Recordé que en casa había dos libros que pude recuperar porque los había puesto en el estante más alto, pensando que no iba a precisarlos nunca. Eran el Anglo-Saxon Reader de Sweet y la Crónica anglosajona. Los dos tenían glosario. Y nos reunimos una mañana en la Biblioteca Nacional.
Pensé: he perdido el mundo visible pero ahora voy a recuperar otro, el mundo de mis lejanos mayores, aquellas tribus, aquellos hombres que atravesaron a remo los tempestuosos mares del Norte y que desde Dinamarca, desde Alemania y desde los Países Bajos conquistaron a Inglaterra; que se llama Inglaterra por ellos, ya que «Engaland», tierra de los anglos, antes se llamaba «tierra de los britanos», que eran celtas.

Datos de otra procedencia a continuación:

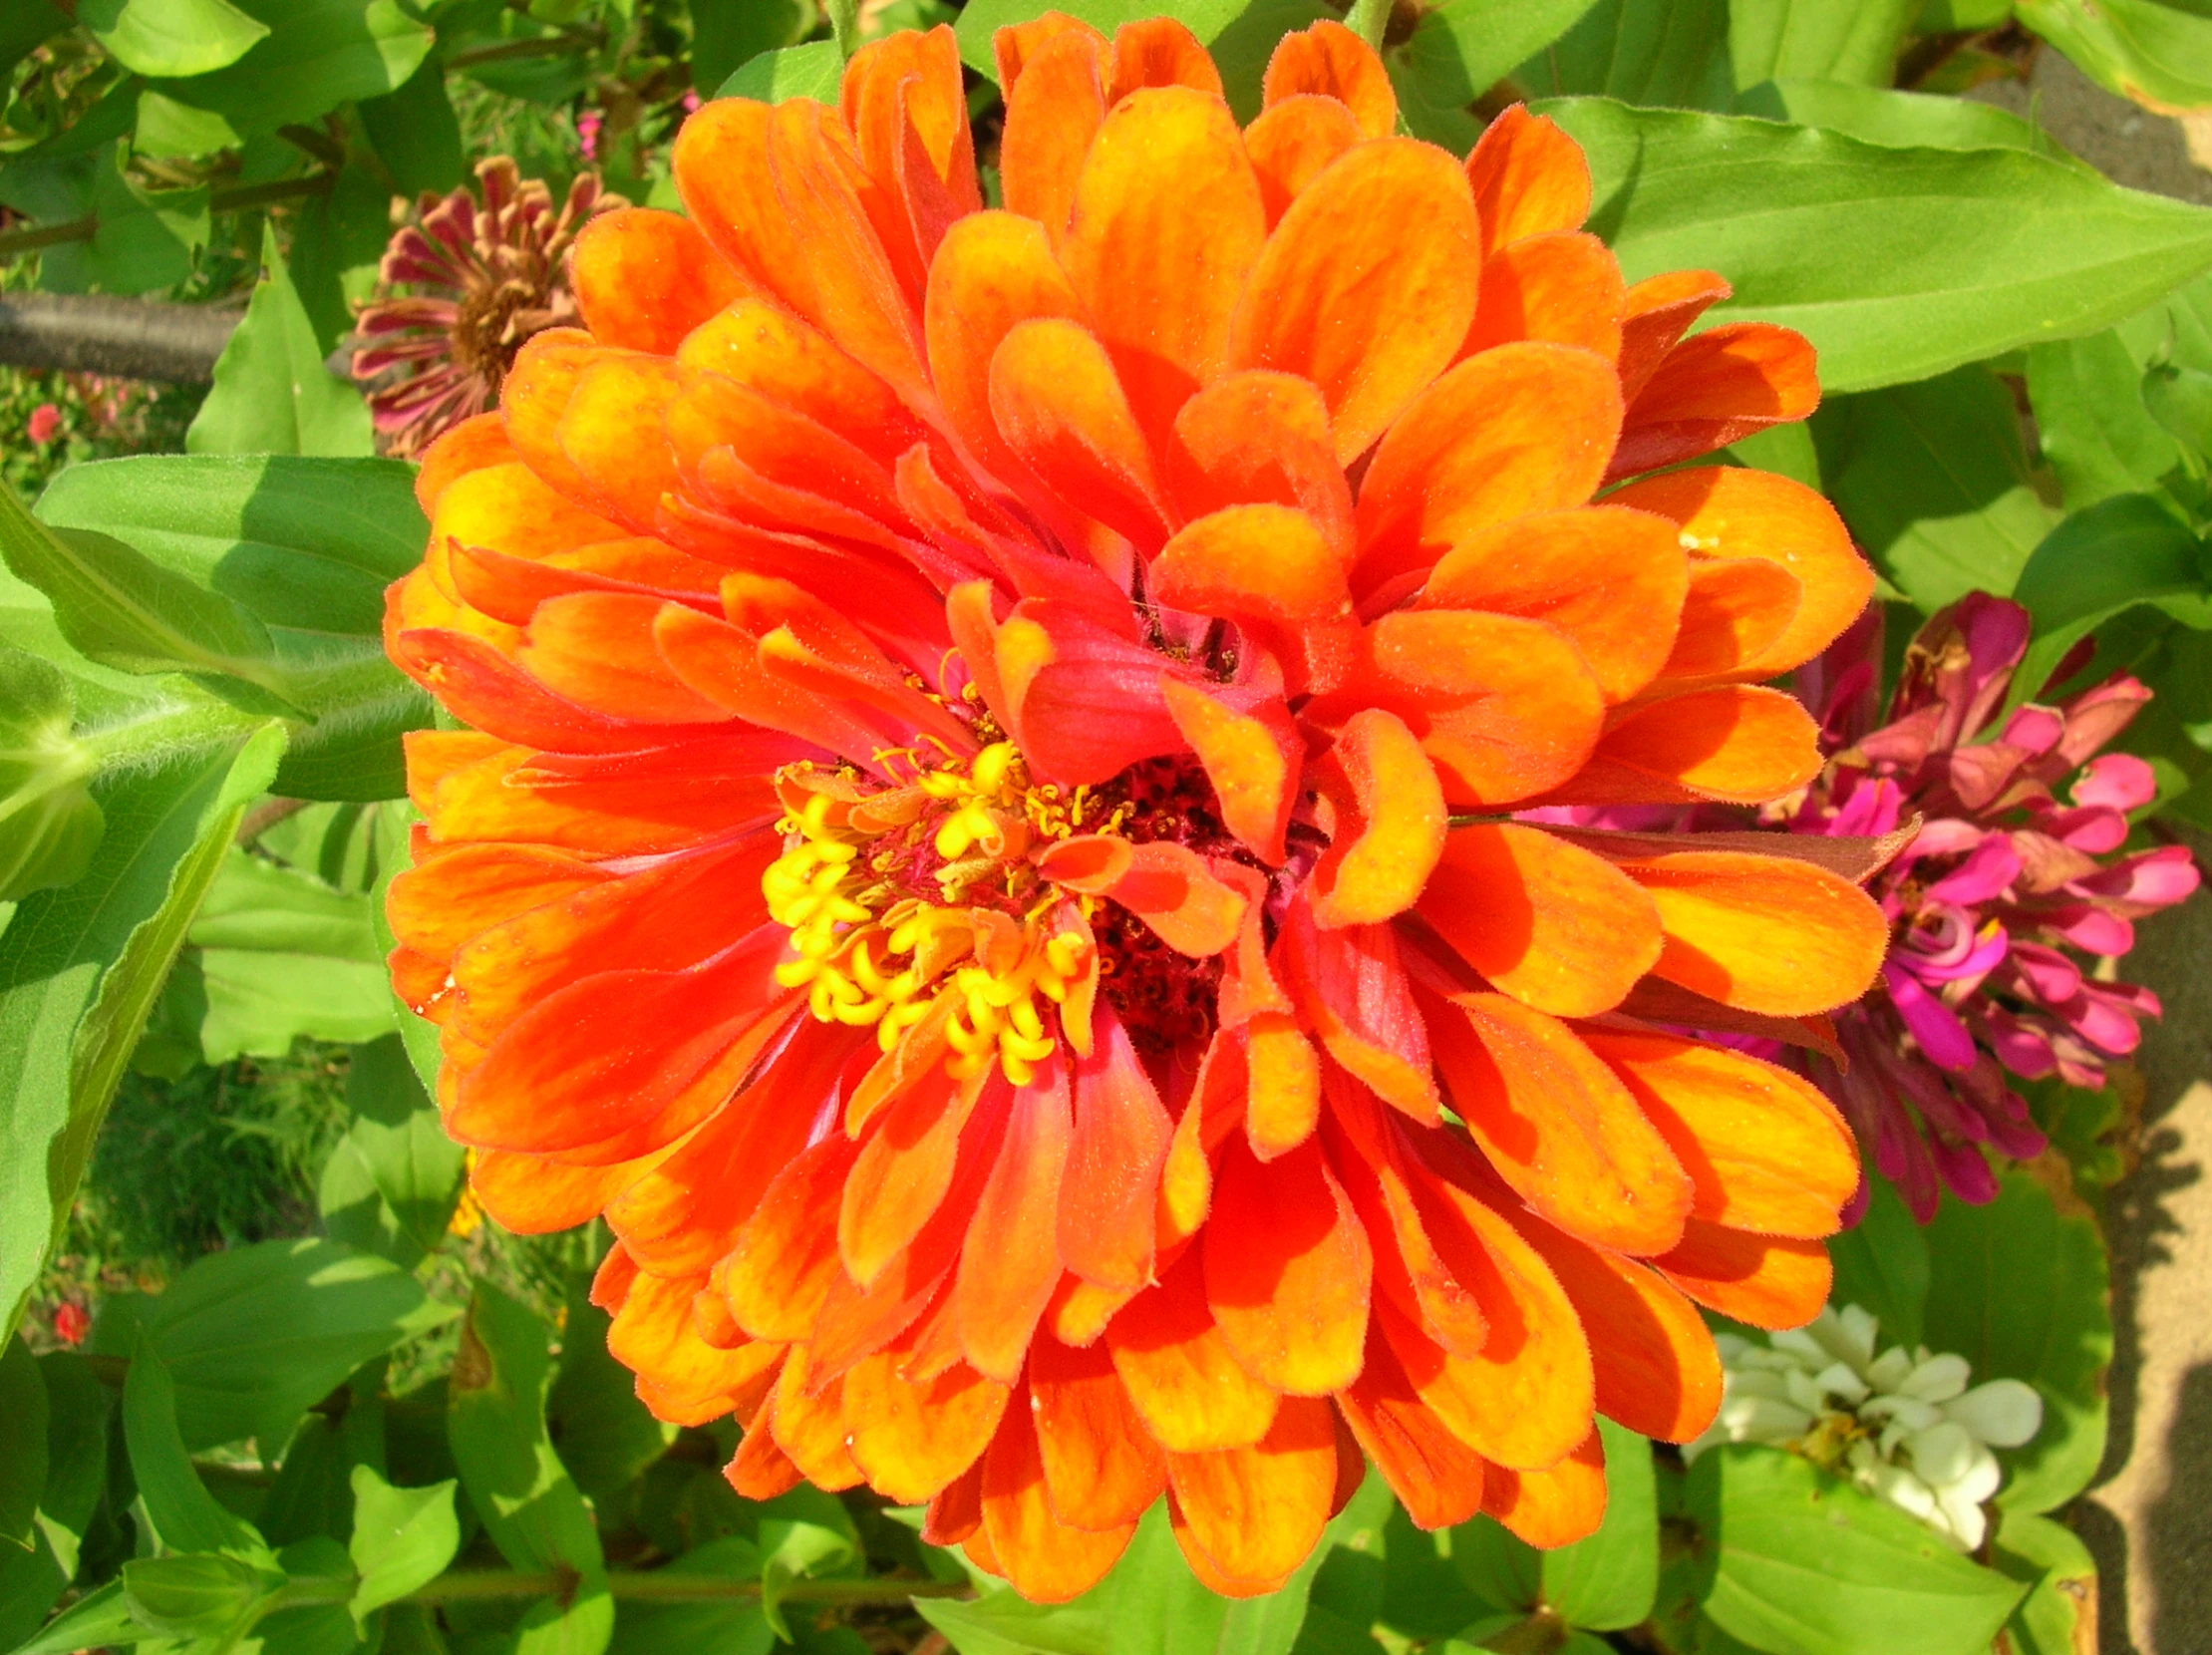 there is a red and orange flower that has been blooming

Era un sábado por la mañana, nos reunimos en el despacho de Groussac, y empezamos a leer. Hubo una circunstancia que nos alegró y que nos mortificó pero que al mismo tiempo nos llenó de cierta vanidad. Fue el hecho de que los sajones, como los escandinavos, usaban dos letras rúnicas para significar los dos sonidos de la th, el de thing y el de the. Eso confería a la página un aire misterioso. Las hice dibujar en un pizarrón.